Requiem for Nanomsg

pieterhpieterh wrote on 08 Feb 2016 12:47


Projects and companies die for different reasons. Sometimes it's money, and sometimes it's pride. In this post I'm going to expand on Drew Crawford's "nanomsg postmortem and other stories".

It was about four years ago that the ZeroMQ community ejected its main contributors, who forked it as Crossroads, and then rebooted that as Nanomsg. Our motivation for that coup was almost exactly the pain and angst that Drew describes in his article, which we'd suffered for years in ZeroMQ.

The contract that binds the ZeroMQ community is, increasingly, not a technical one. It is C4.1, RFC 22, which has as its core principle:

Everyone, without distinction or discrimination, SHALL have an equal right to become a Contributor under the terms of this contract.

If you send a correct patch (as defined by the RFC), it shall be merged. Period. This simple, brutal rule had several effects:

  • It silenced the arguments over ideology that used to pollute zeromq-dev.
  • It removed the discriminatory "I don't like you so I don't like your code" power of dominant maintainers.
  • It opened the door to new waves of contributors, who have turned ZeroMQ into a much larger and more aggressive collective project.
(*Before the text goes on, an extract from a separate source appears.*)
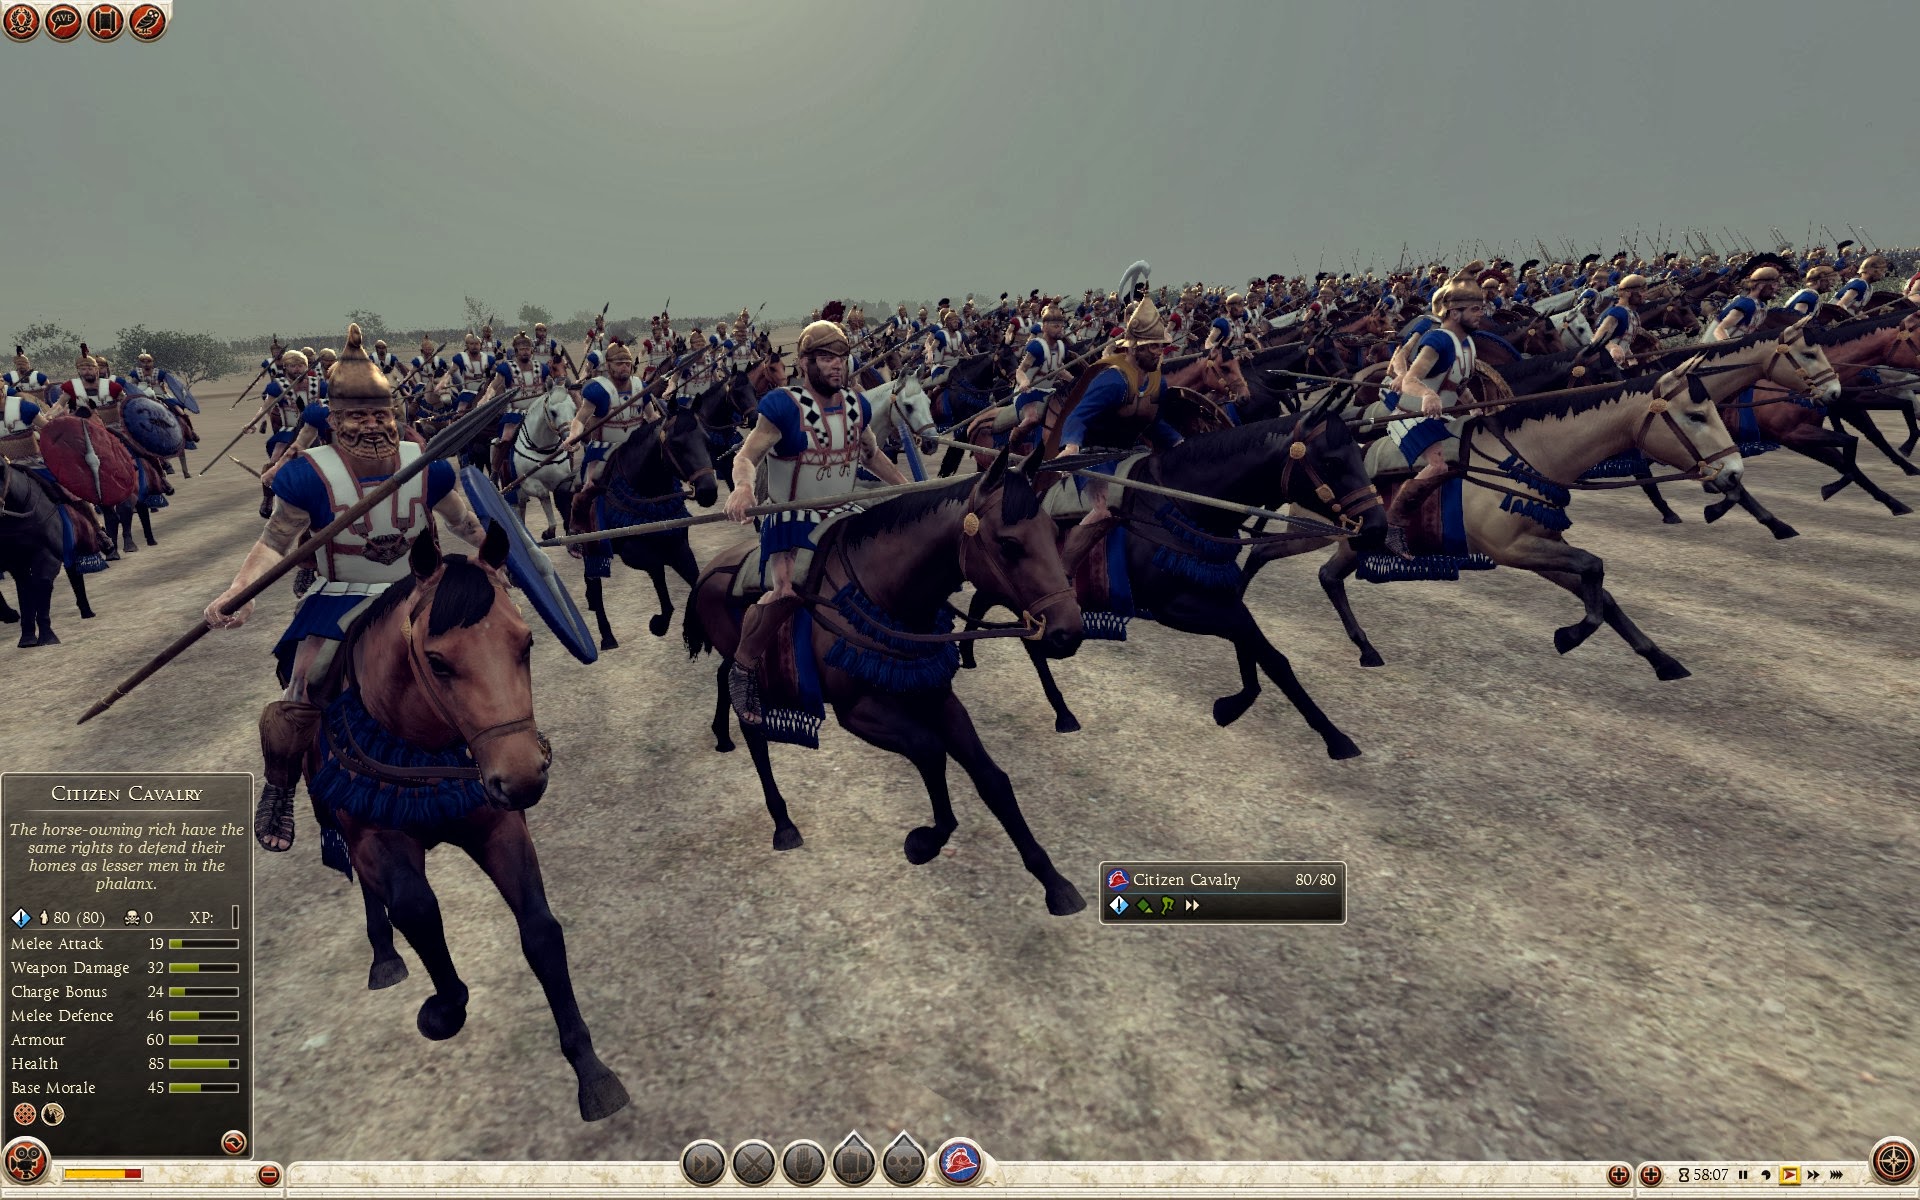 Citizen Cavalry
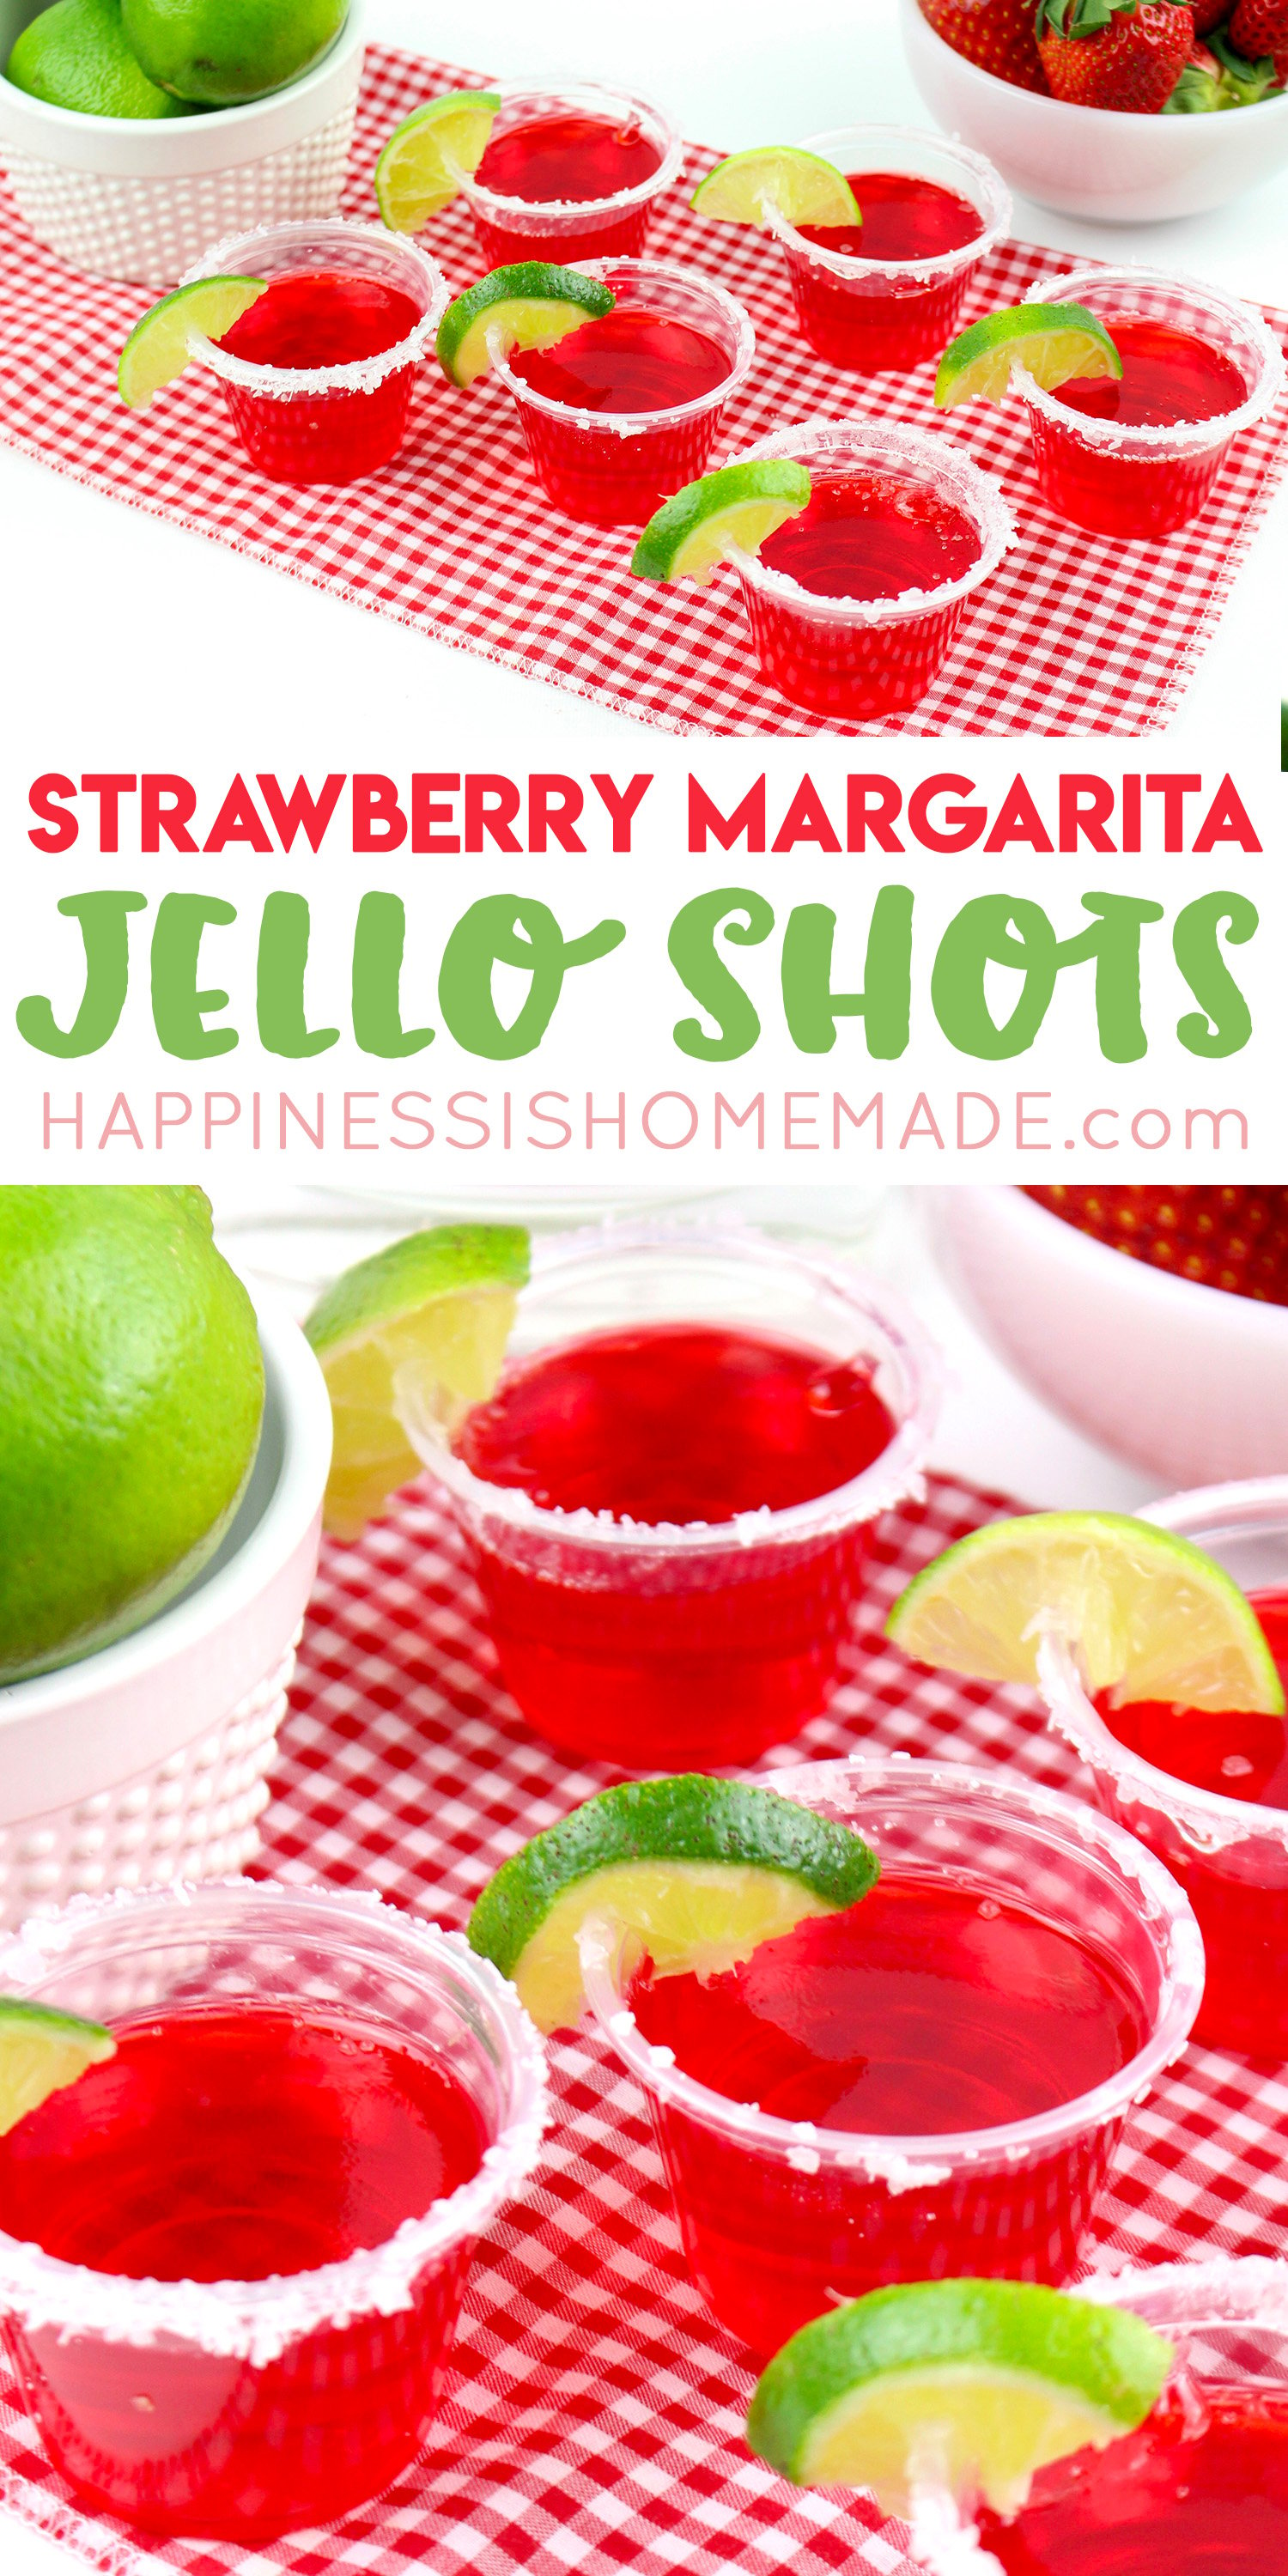 How to make strawberry margarita jello shots

RFC 22 is revolutionary. No other project has defined the rights of contributors in such a way before, using the language of contracts and protocols. It established a bill of rights for contributors that focused on recruiting contributors. As Drew writes,

Open source projects hinge entirely on contributors.

The main argument against inclusive diversity is a tired and clichéd appeal to exceptionalism. "I'm smarter than average so I write good code, alone," is the way it usually goes. It is provably wrong. Good code is code that survives. This is how the market works, there is no other basis for value judgments on code except "people use it, people invest in it, and it survives"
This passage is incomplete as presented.